**INFORMATION SUPPLIED:**

>>>

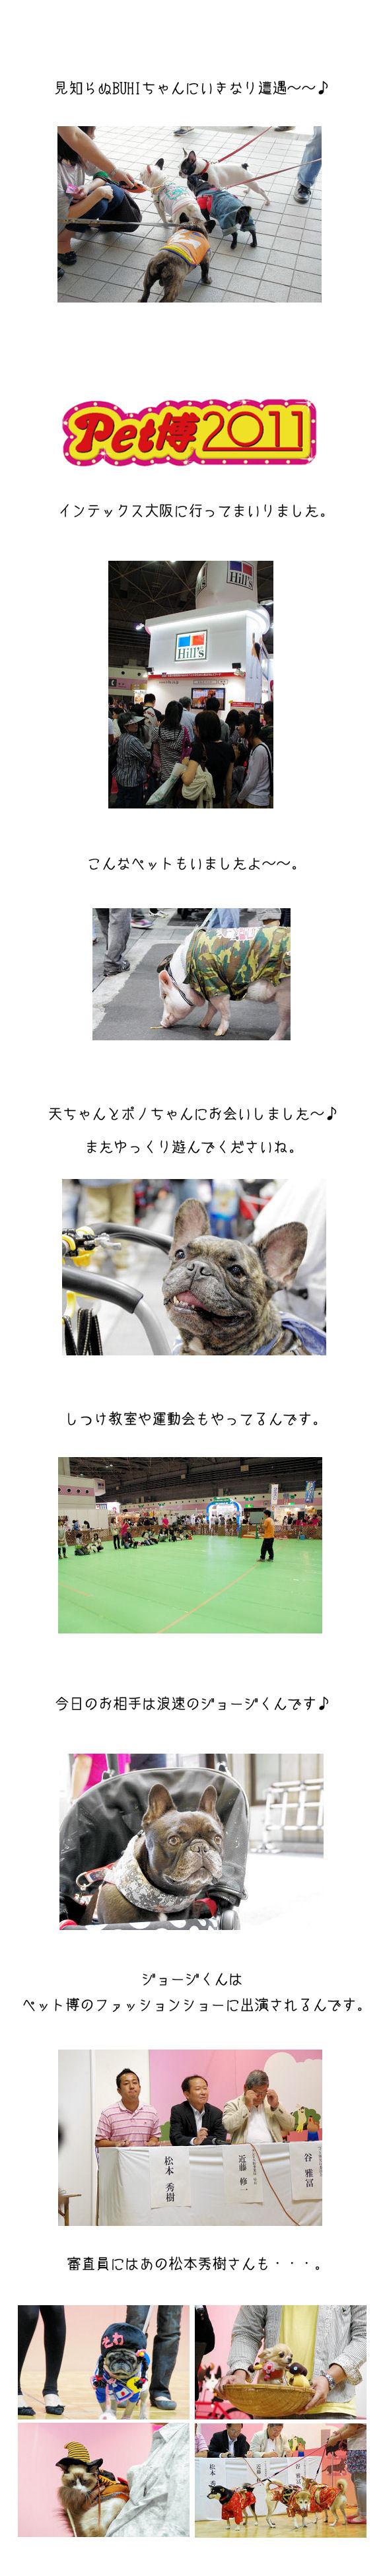 連休初日は大阪でa
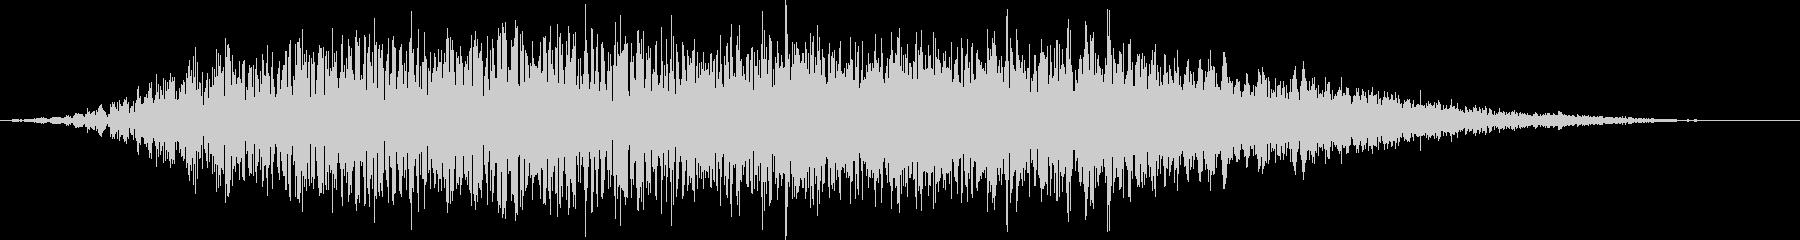 【物音】 シート テーブル 動かす 05の未再生の波形
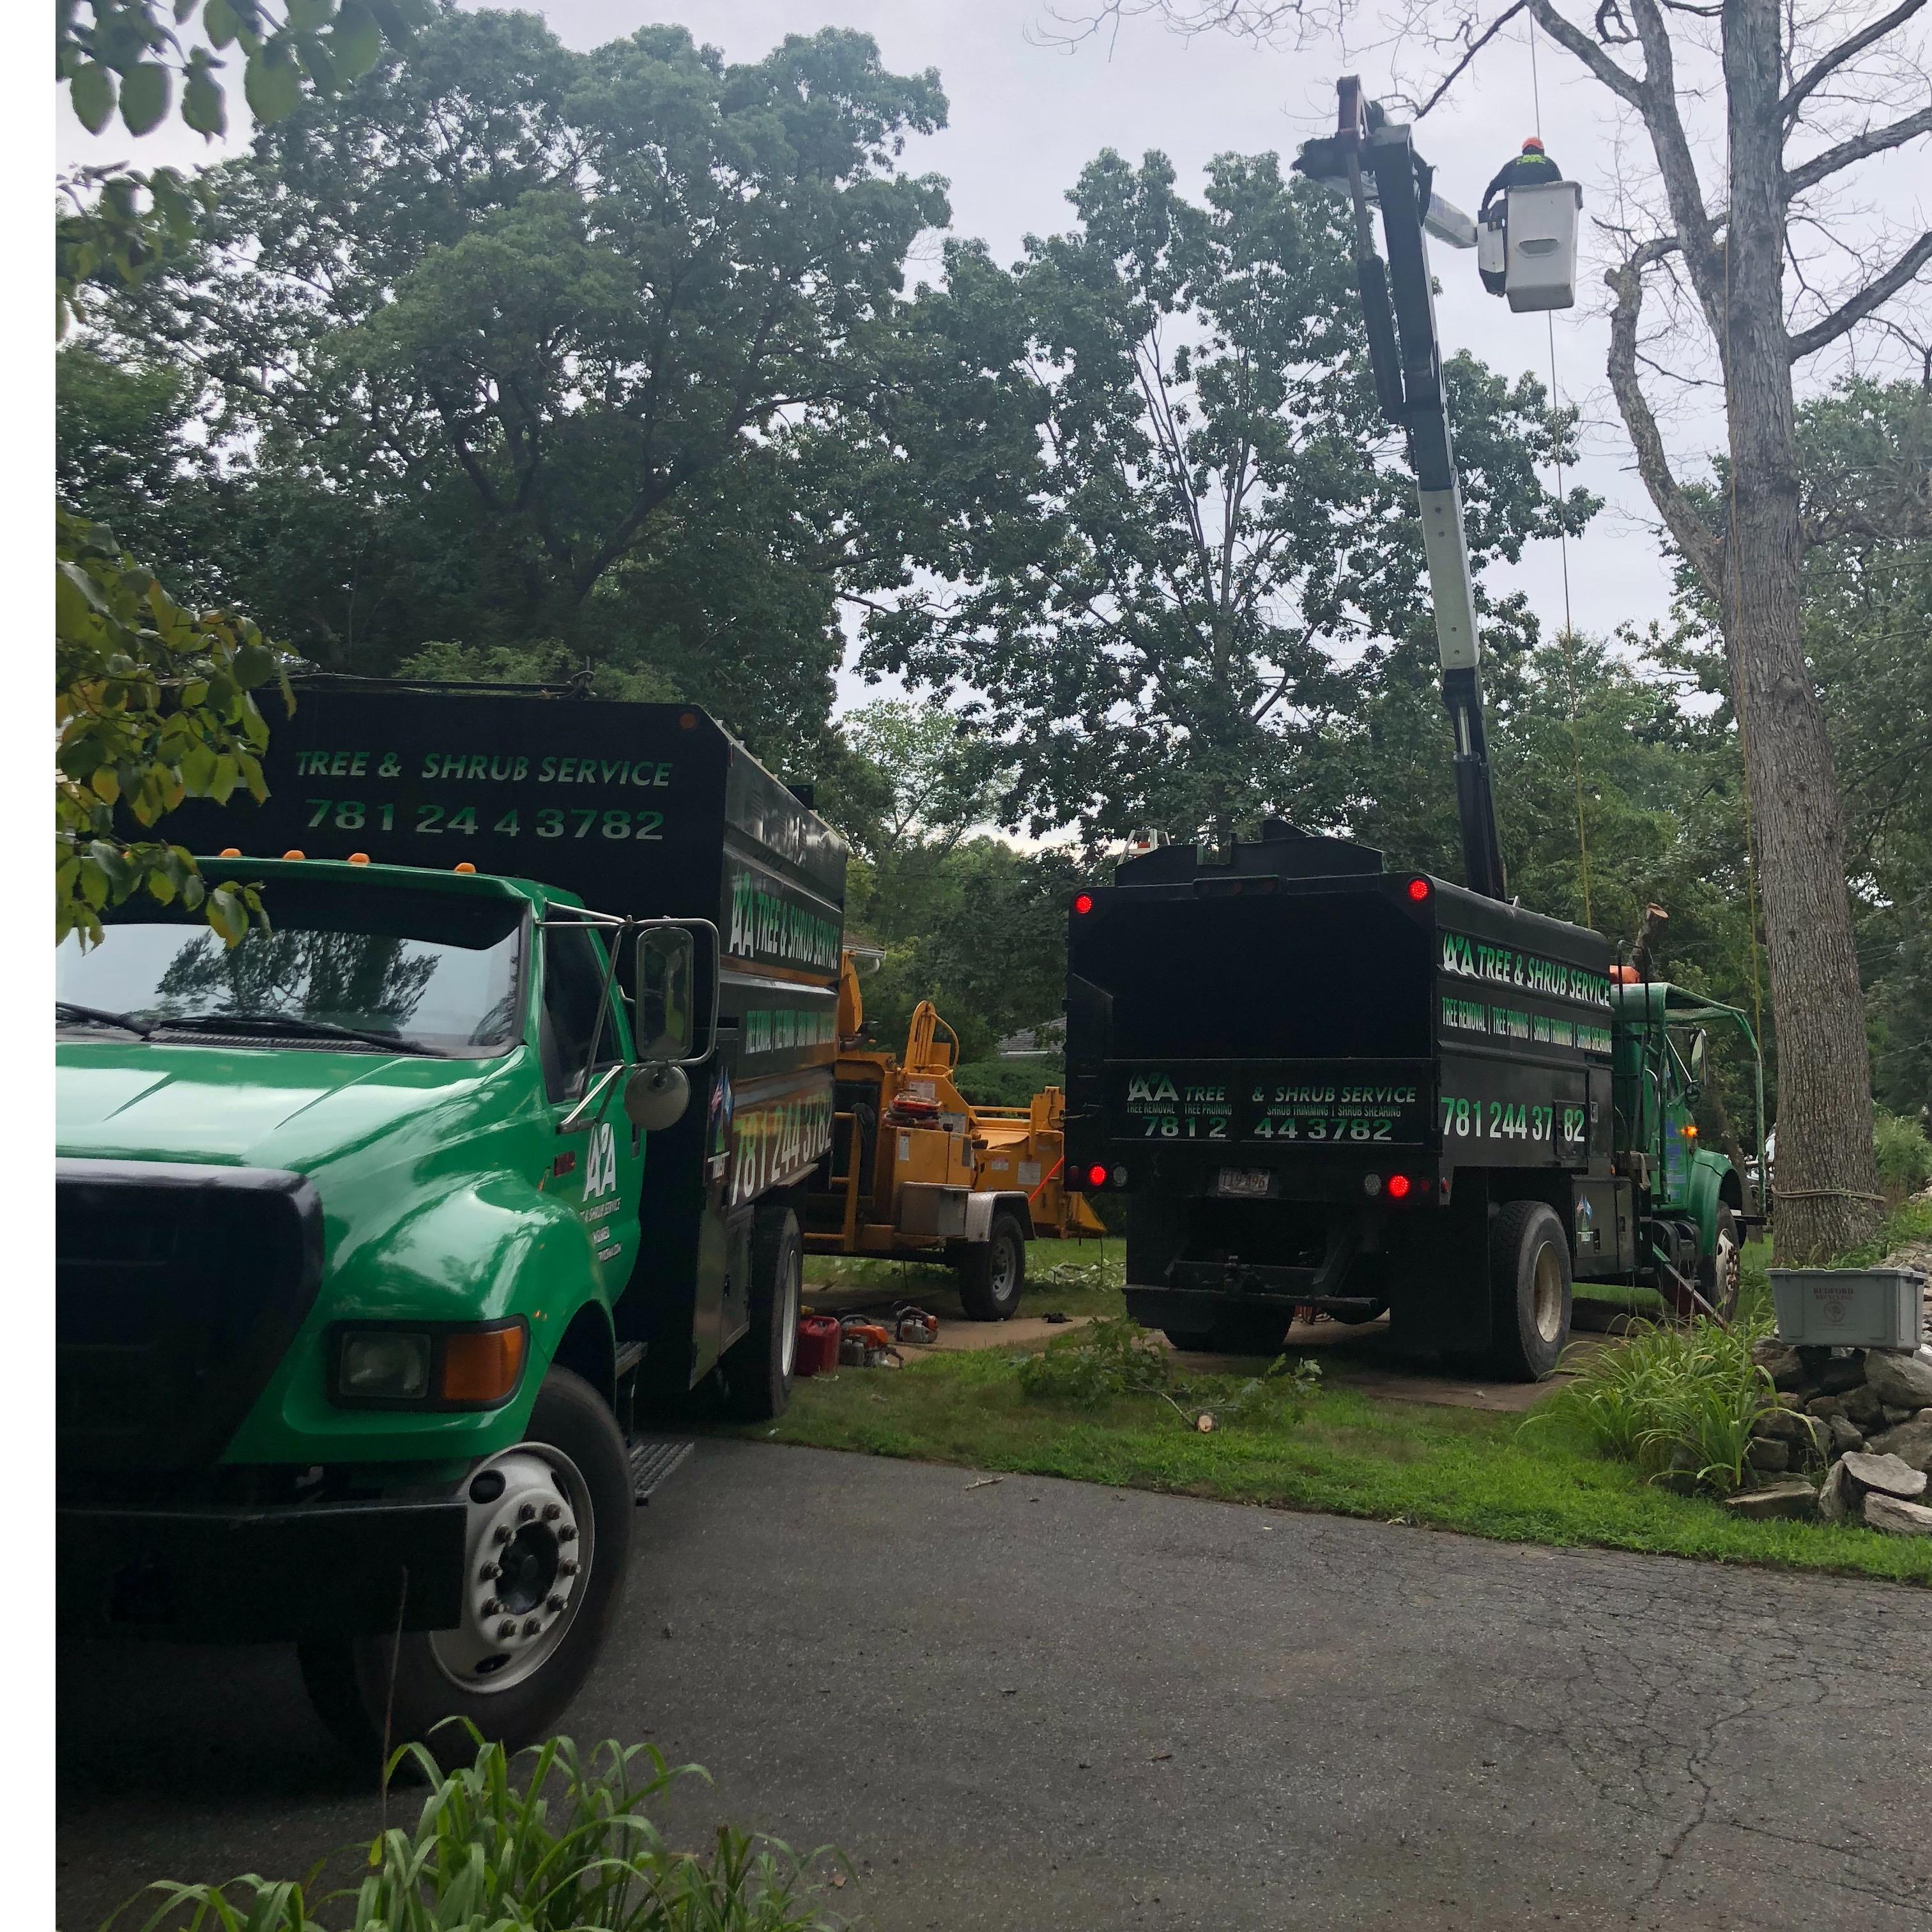 AA Tree & Shrub Service

<<<

**WORK ITEM:**
Omit the pictures. Repeat the rest of the data exactly.

**THE COMPLETED TASK:**
 連休初日は大阪でa
 【物音】 シート テーブル 動かす 05の未再生の波形
 AA Tree & Shrub Service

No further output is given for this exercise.